Bitcoin Isn’t As Anonymous As You Thought

Security researchers may have broken Bitcoin’s ability to let users make anonymous transactions with the cryptocurrency, according to Bank Info Security.

Three researchers from the University of Luxembourg say their techniques can be used to determine the identity of anonymous Bitcoin users between 11-60 percent of the time. The attack links the Bitcoin public keys with the IP address of the Bitcoin user, which then could be linked with an individual.

The attack, which uses equipment costing about $2,000, can be used even when multiple users share a single IP address through network address translation or are behind firewalls, and sometimes when the Tor anonymous network is used.
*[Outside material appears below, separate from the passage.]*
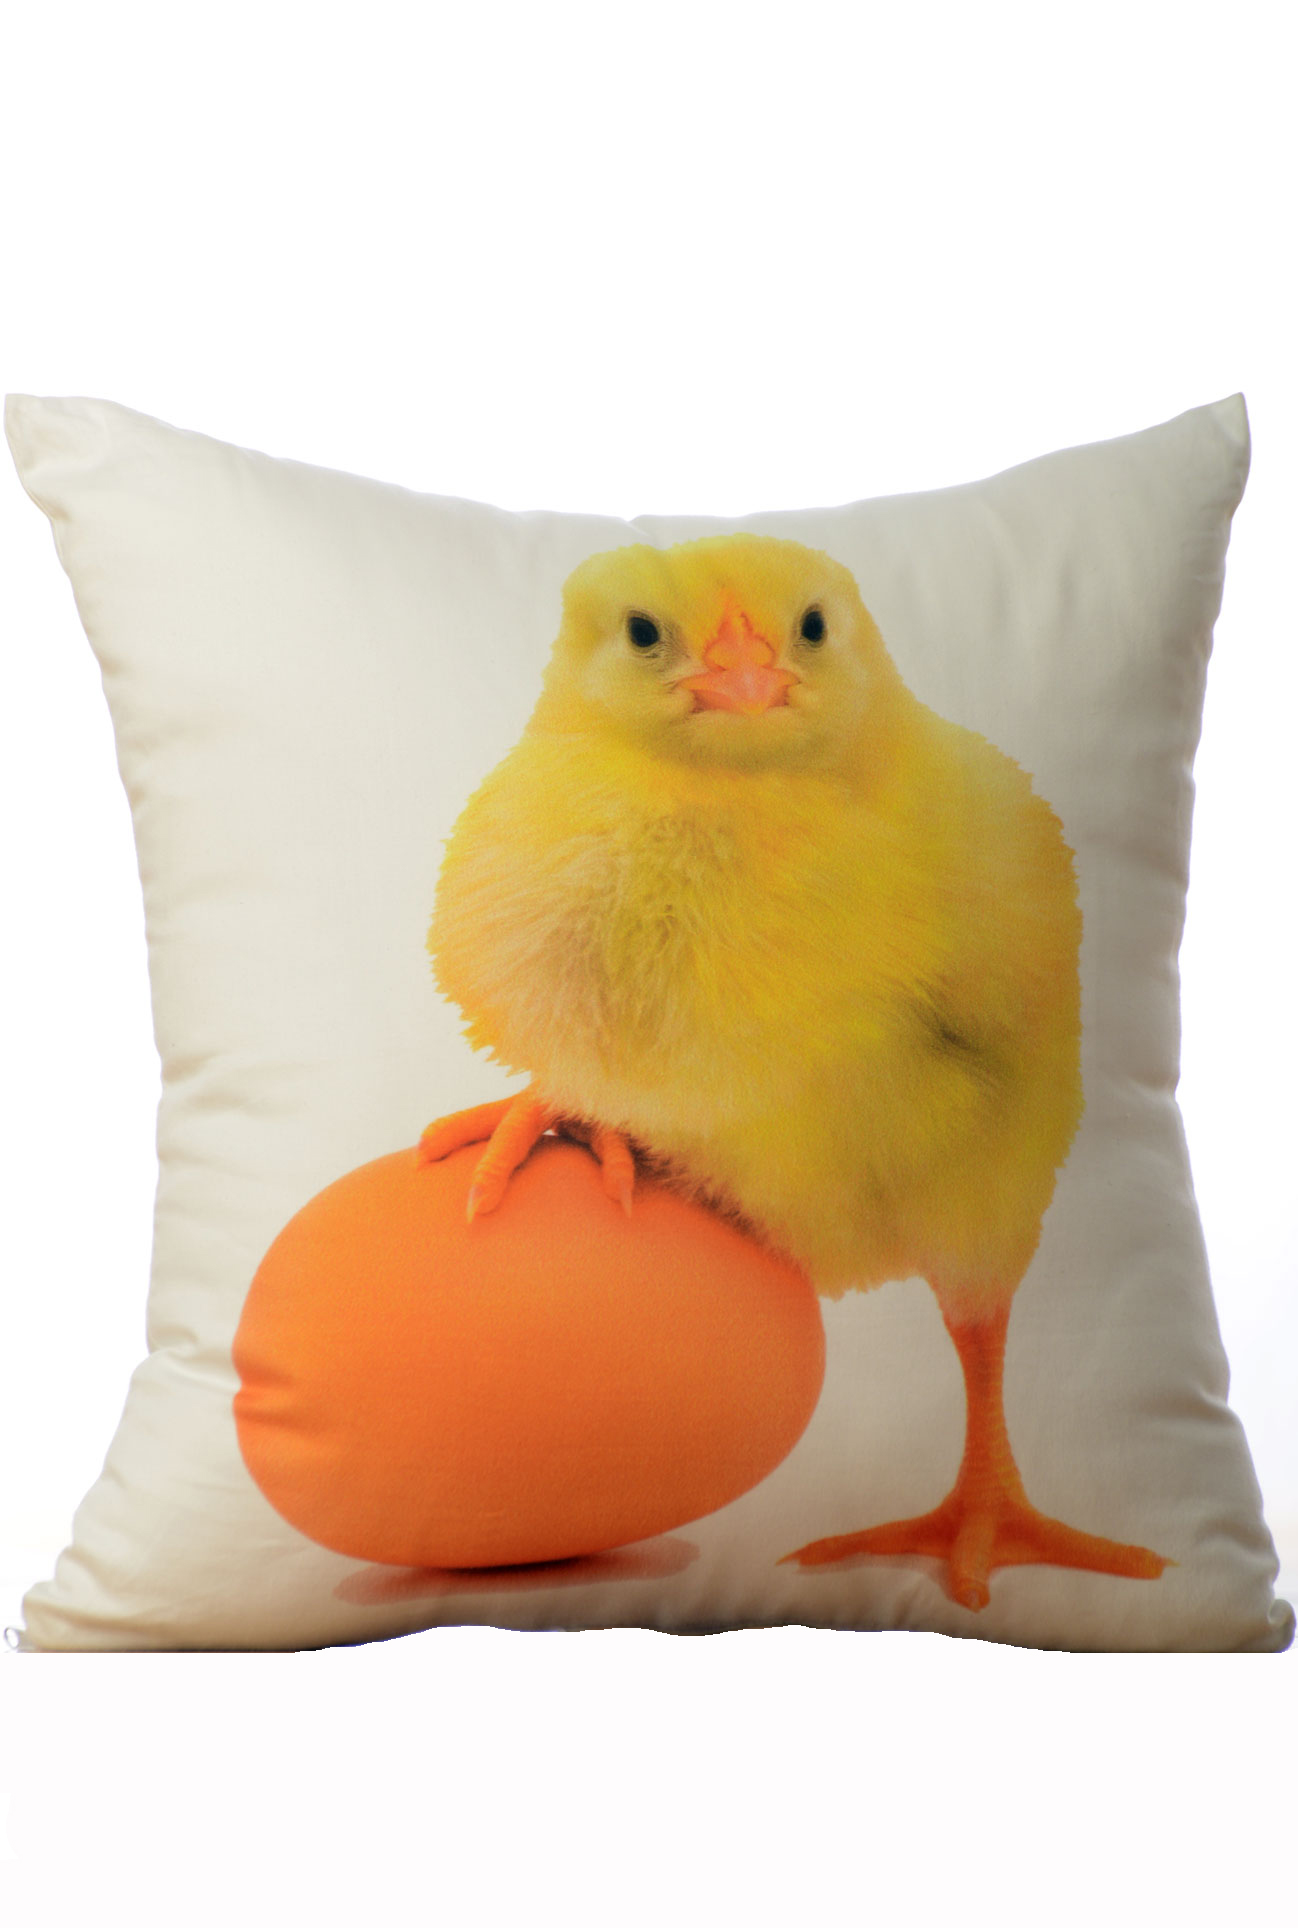 Dekorační polštář - Kuře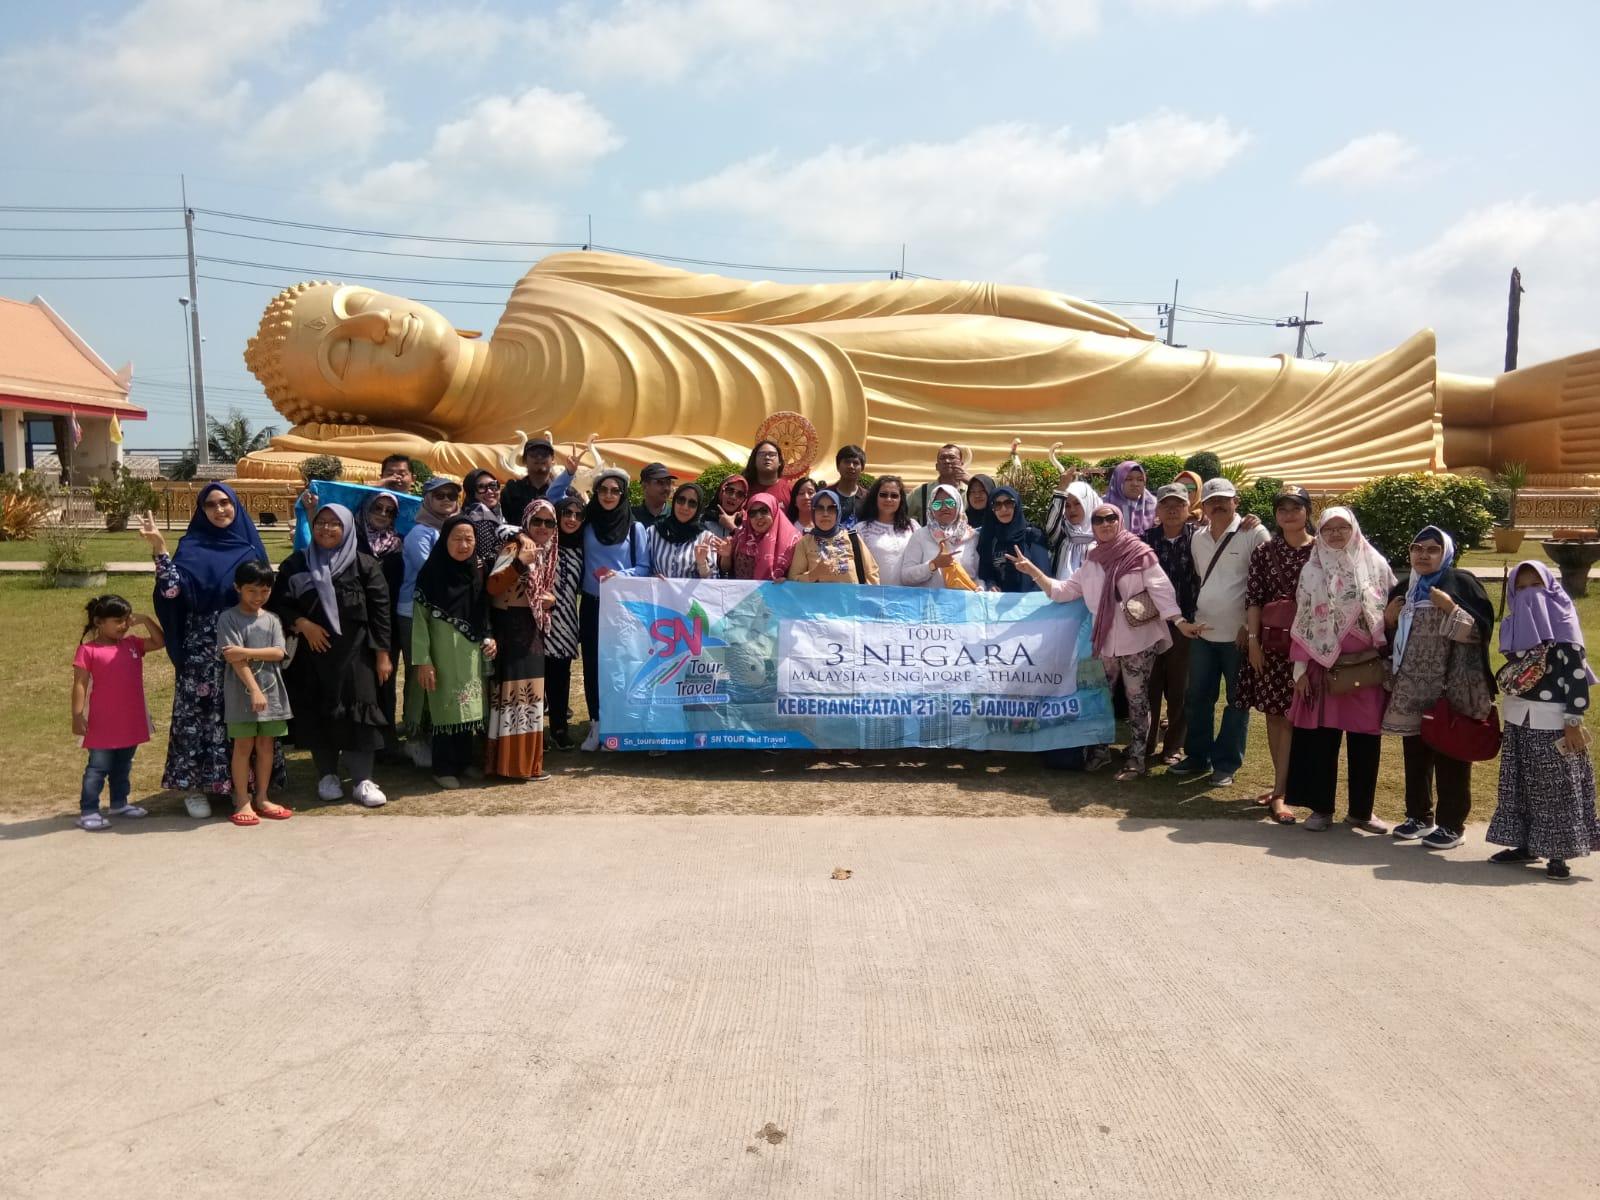 TOUR 3 NEGARA (SIN-KL-THAI) 21 - 26JAN 2019

Bitcoin’s developers have never promised absolute anonymity, and every Bitcoin transaction is publicly logged. That means over time transactions might be tied to specific Bitcoin wallets, and wallets back to people. The new technique, if it works consistently, would significantly speed up that kind of tracking.

The reduced anonymity may make Bitcoin less attractive to criminals and terrorists, who increasingly use Bitcoin to sidestep controls on international payments. “Although generally designed for legitimate use…Bitcoin is beginning to feature heavily in police investigations, particularly in cases of ransomware and extortion,” according to Europol’s September 2014 Internet Organized Crime Threat Assessment. Criminal and terrorist users reportedly range from drug and child pornography traffickers to ISIS.